Beaucoup d'éditeurs, de nombreux livres publiés - pas toujours de manière judicieuse -, mais une évolution qui me paraît finalement assez saine ces dernières années. L'explosion récente du nombre de titres semble avoir répondu à un réel besoin jusque-là inassouvi ; d'une manière ou d'une autre, cependant, tout cela va se calmer et se réguler - à un niveau de ventes qui demeurera je pense structurellement important. Le paysage actuel va arriver à maturation, avec quelques grands acteurs qui auront su imposer un positionnement suffisamment spécifique et intelligible par leur lectorat.
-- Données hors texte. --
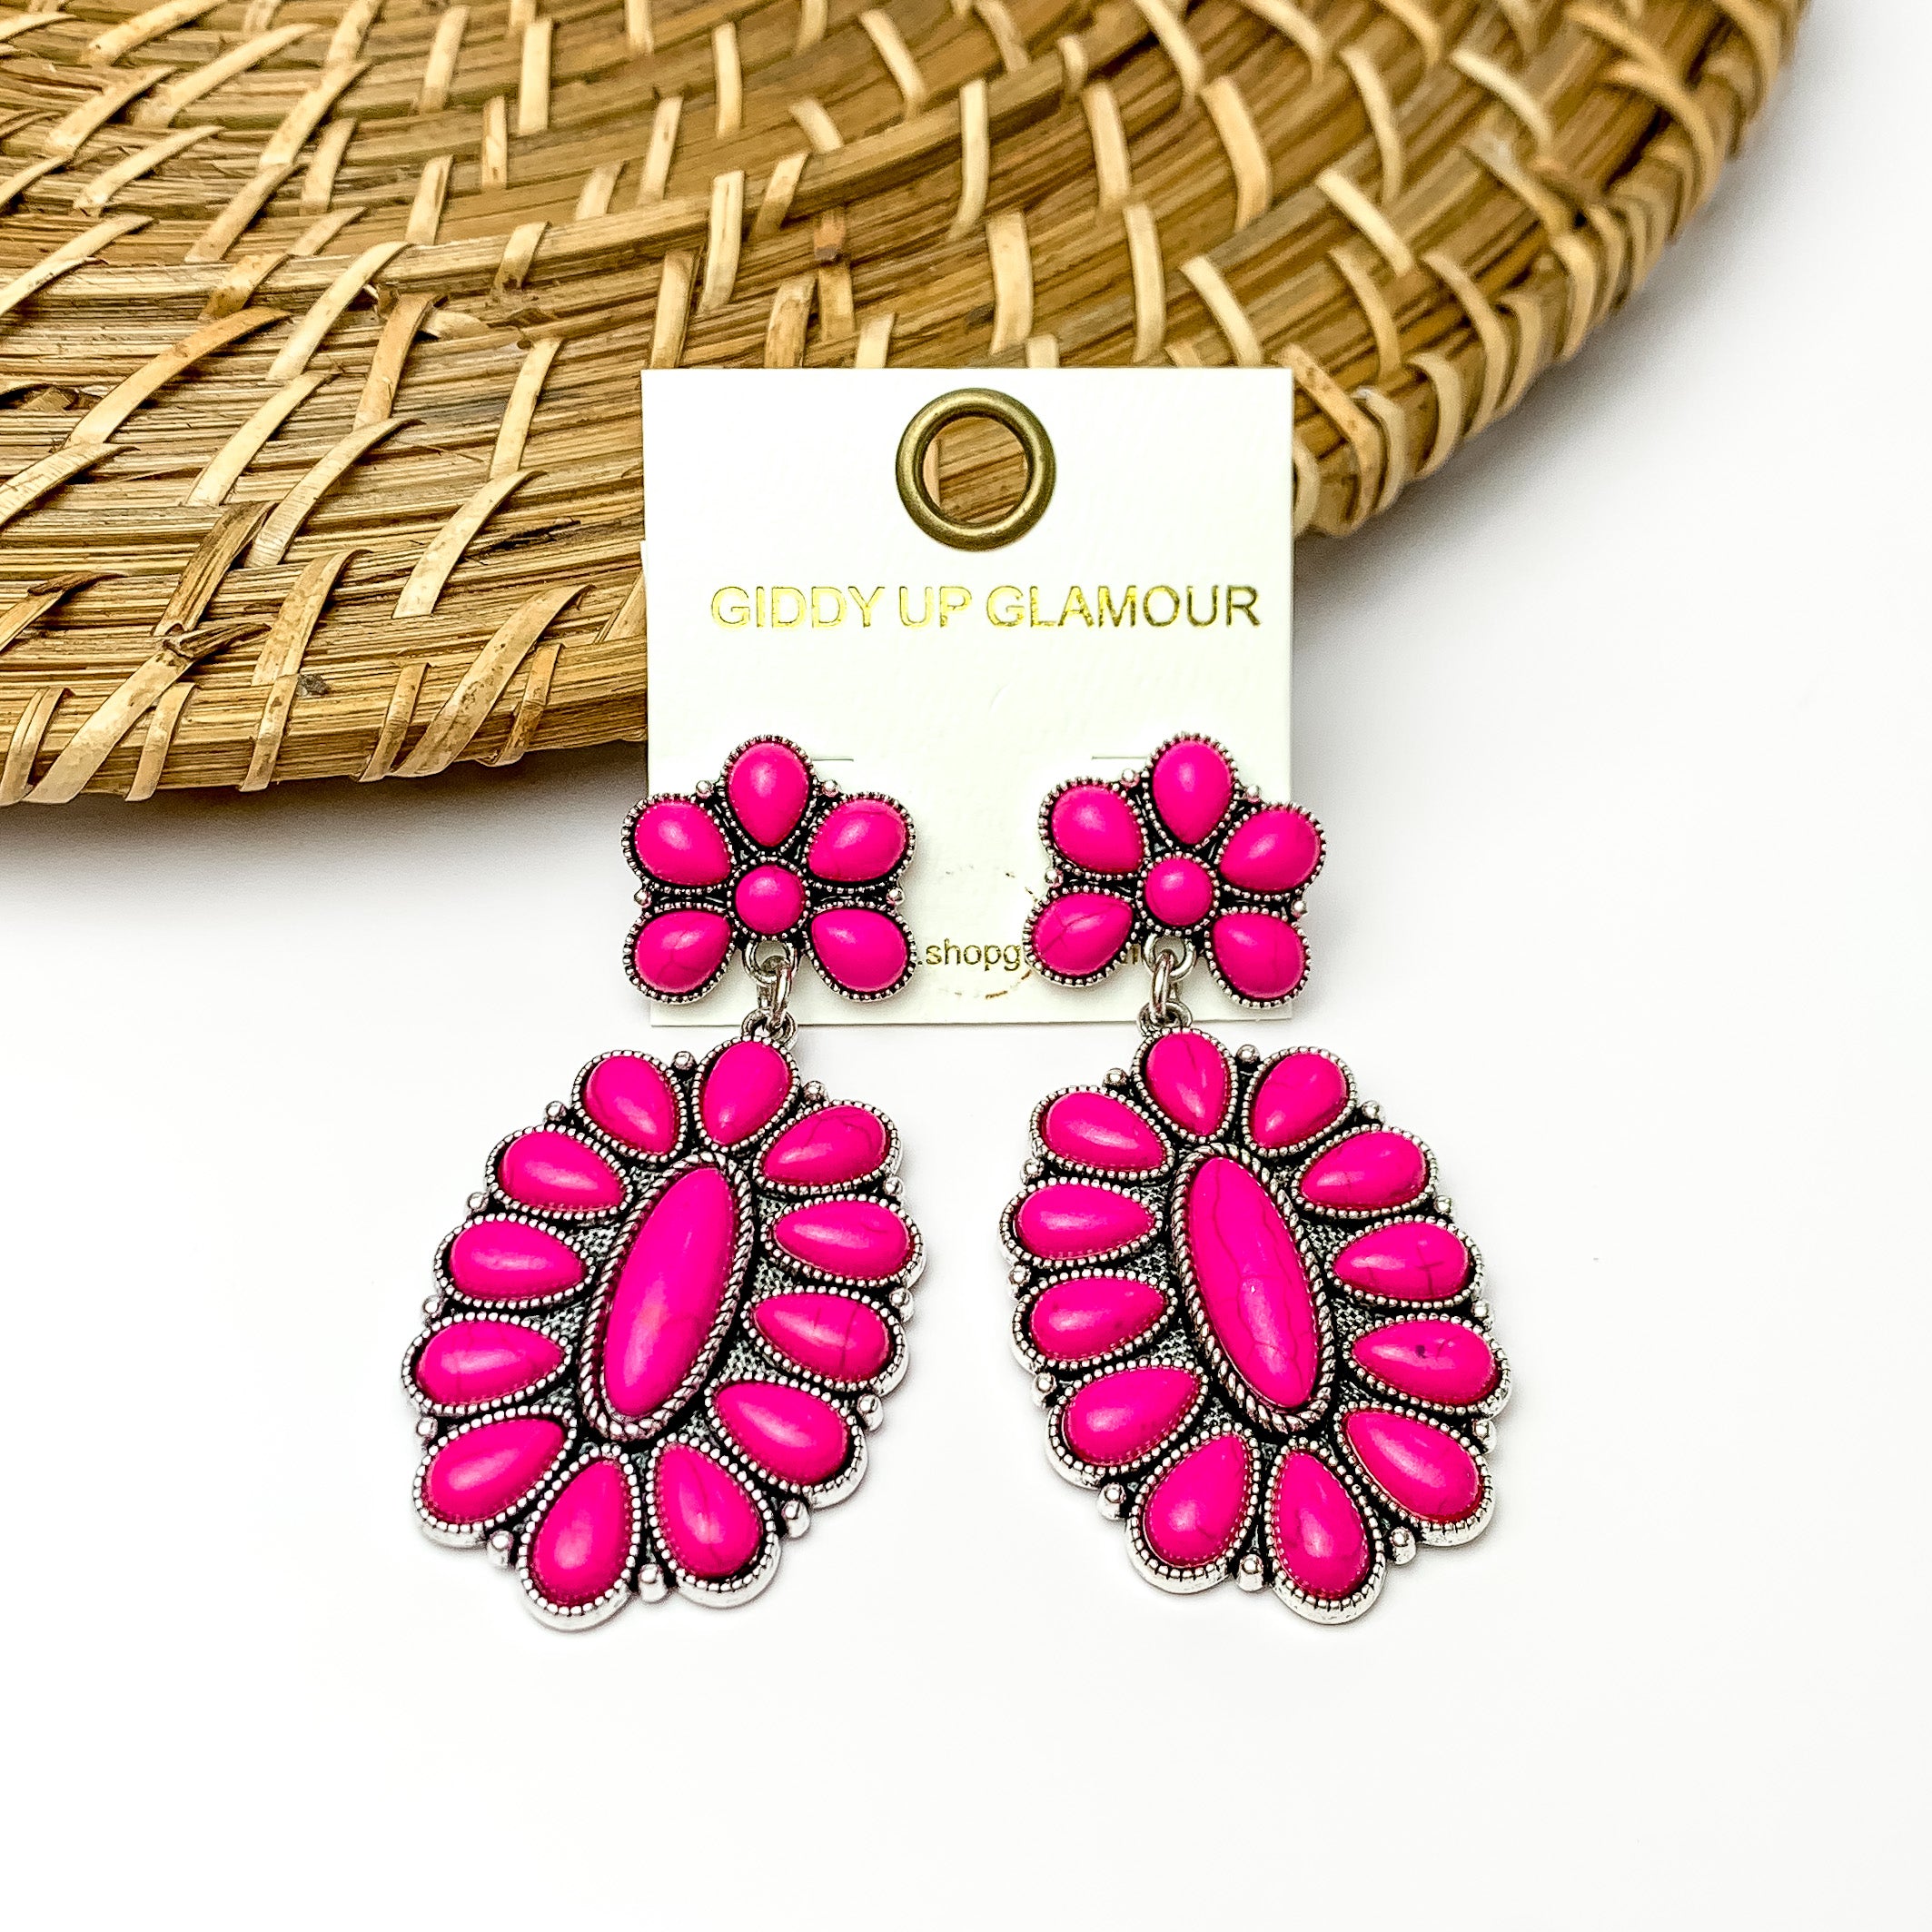 Hot Pink Stone Oval Flower Earrings - Giddy Up Glamour Boutique

Calmann-Lévy vous a-t-il imposé des objectifs de ventes précis ?
Oui. Tacitement ou de manière plus explicite, on m'a fait part des espérances placées dans cette collection. C'est une donnée de base, que j'accepte et qu'il me faut prendre en considération dans la construction de mon programme. Au demeurant, Calmann-Lévy me donne tous les moyens nécessaires pour les atteindre. Si cette collection connaît un échec cuisant, ce qui bien entendu est inenvisageable (...), il sera difficile de ne pas l'imputer aux choix de son responsable...
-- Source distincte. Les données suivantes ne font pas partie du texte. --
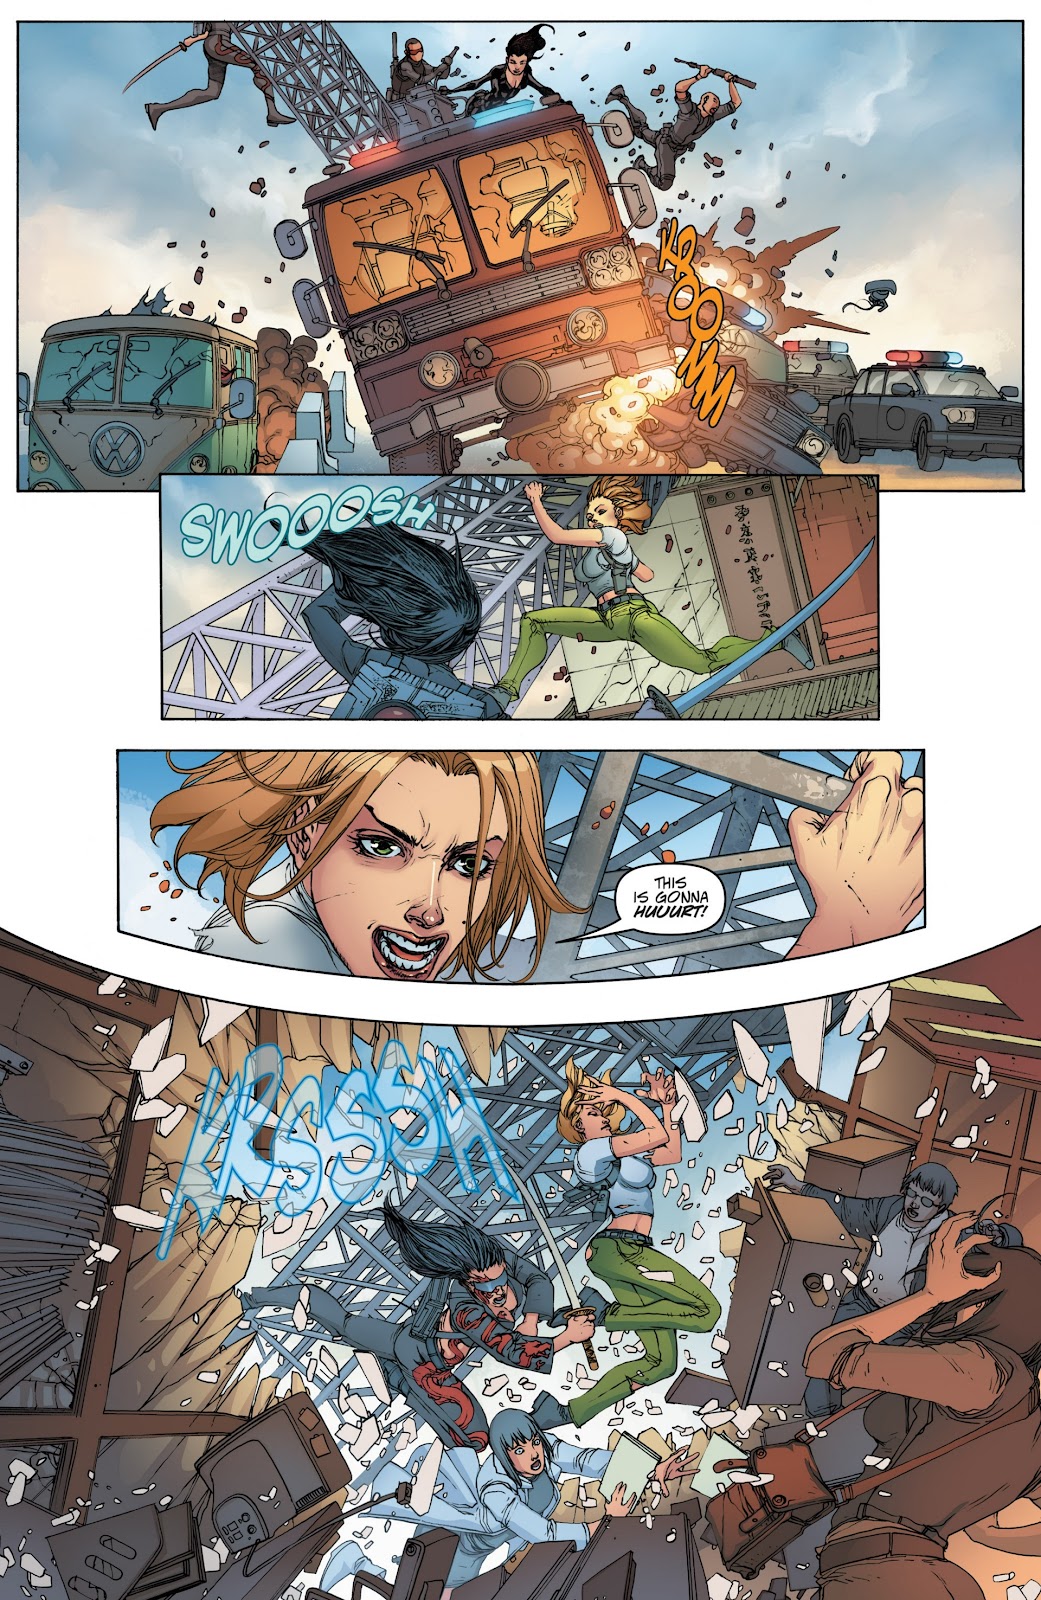 Danger Girl: The Chase issue 3 - Page 8

Pouvez-vous nous décrire la journée type d'un éditeur tel que vous ? En dehors des pause café et du temps perdu à répondre à des zozos comme moi !
Il n'y a pas à proprement parler de « journée type », les tâches à effectuer pour mener à bien la publication d'un livre sont suffisamment variées pour éviter toute routine. J'arrive le matin entre huit heures et... 10h30, je bois deux cafés d'affilée - plus de cigarettes depuis quelques années maintenant. Ouverture des emails, personnels et professionnels, réponse aux urgences. Puis en fonction des priorités du moment, rendez-vous divers avec des zozos comme vous, plongée dans une supervision de traduction, lectures, réponse aux urgences (bis)... et départ vers 19h / 19h30, pour des destinations qui ne vous regardent pas. N'ayant pas le statut de salarié, j'ai en fait pas mal de libertés quant à l'organisation de mon emploi du temps. Cela peut passer aussi par des phases d'isolement à mon domicile quand le besoin (professionnel, évidemment...) s'en fait sentir.
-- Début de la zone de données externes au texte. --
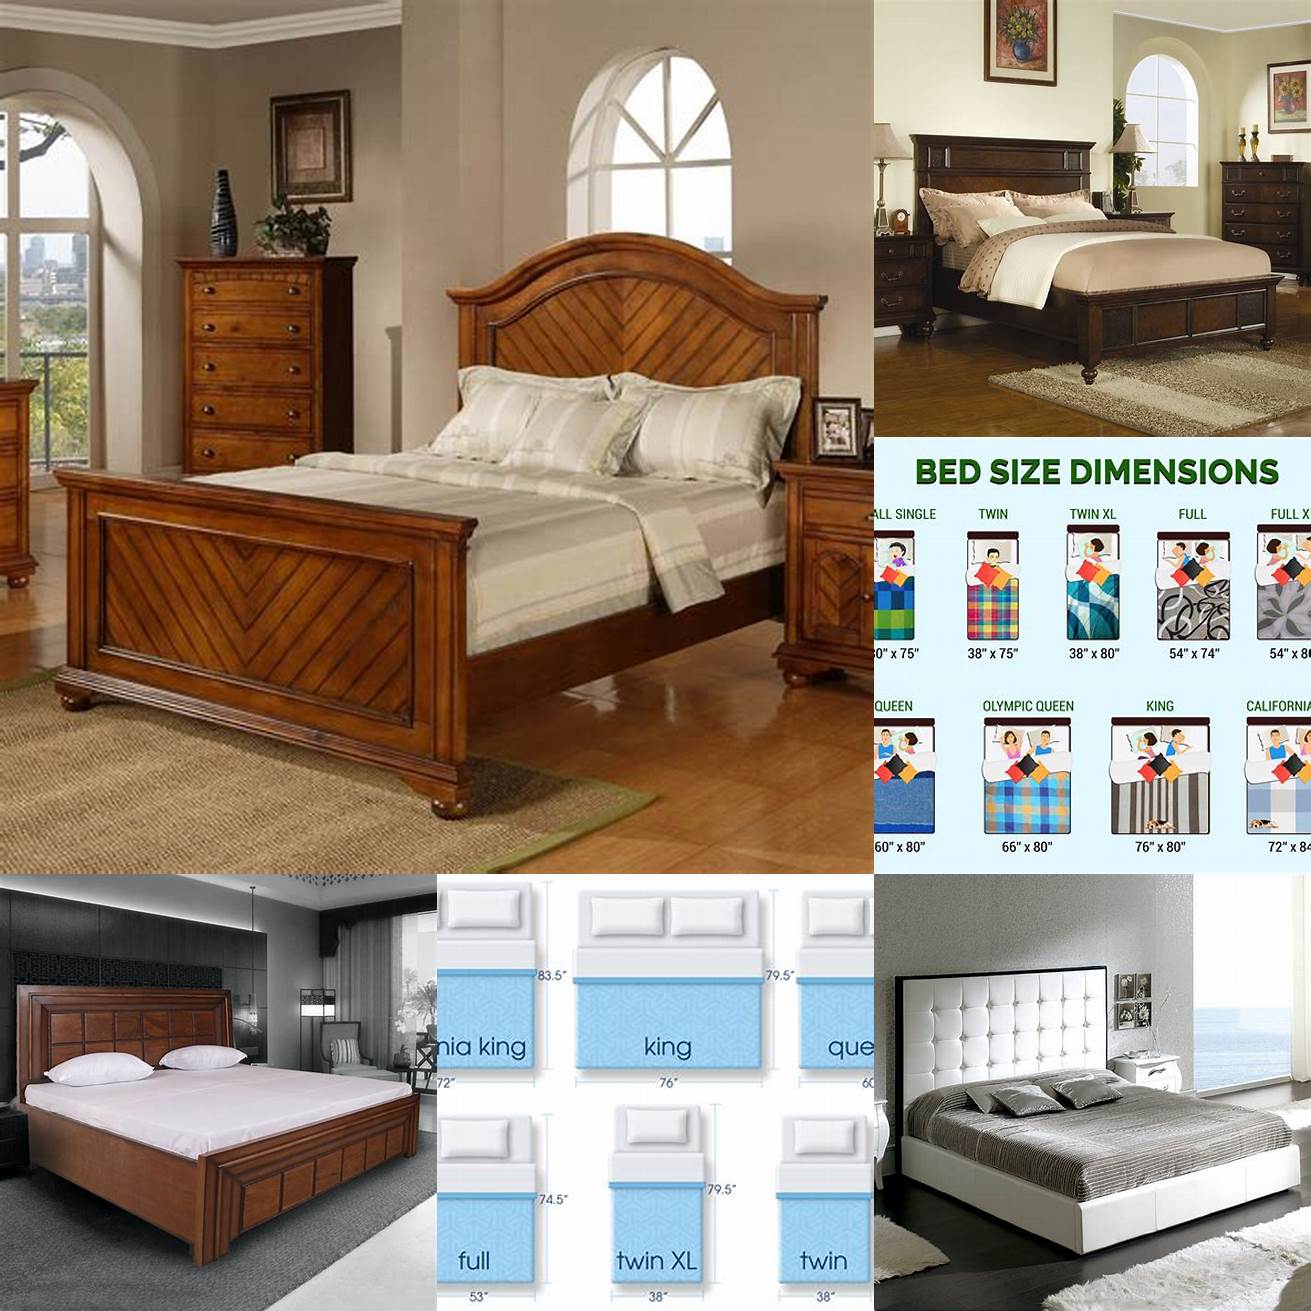 Image of different types of king size beds

Au fil de votre parcours (Folio, Terre de Brume, et maintenant Calmann-Lévy), pensez-vous avoir élaboré une patte Guillot, et si oui, comment la définir ? Ou sans aller aussi loin, quelles sont vos attentes et les qualités qui font pencher la balance pour tel ouvrage plutôt qu'un autre ?
N'ayant pas moi-même écrit les ouvrages que je publie, je n'ai pas la prétention d'avoir élaboré une « patte » aussi identifiable. ? Sur Folio SF, je pense en toute sincérité qu'au moins 80 % des choix effectués à l'époque où j'en avais la charge auraient été identiques si une autre personne s'en était occupé, disons... d'une manière pareillement professionnelle. Le contexte de création d'une collection influe évidemment sur les titres publiés, c'est d'autant plus vrai sur une collection de poche dont la première mission est de gérer le prestigieux fond Présence du futur... Les 10 ou 20 % restants correspondaient sans doute davantage à mes propres désirs de lecteurs : des textes d'imaginaire - le réalisme ne m'intéresse guère en matière de littérature - très travaillés, jouant avec les codes et les genres sans trop se poser de questions. Mais là encore, de telles publications n'étaient possibles que dans un contexte bien particulier, celui d'une maison d'édition elle-même très littéraire et pas forcément intéressée a priori par les dragons et les vaisseaux spatiaux. Avec Terre de Brume, je revenais à mes premières amours livresques en leur appliquant ce qui - pour répondre à votre question, mais oui - représente peut-être le mieux mon credo en matière éditoriale : une démarche qualitative en matière de textes (traduits ou pas) qui me paraît le minimum vital à offrir aux lecteurs des ouvrages que je leur propose. Depuis mon arrivée dans le monde de l'édition, j'ai trop souvent entendu dire que les littératures de l'imaginaire étaient mal écrites, mal traduites, j'en passe et des pires. Or il ne tient qu'aux éditeurs de traiter la SF ou la fantasy ni plus ni moins comme de la littérature, je ne vois aucune raison - sinon commerciale, mais elle est bien entendu fondamentale - de faire un distinguo entre les deux. C'est en tout cas ainsi que je travaille chez Calmann-Lévy.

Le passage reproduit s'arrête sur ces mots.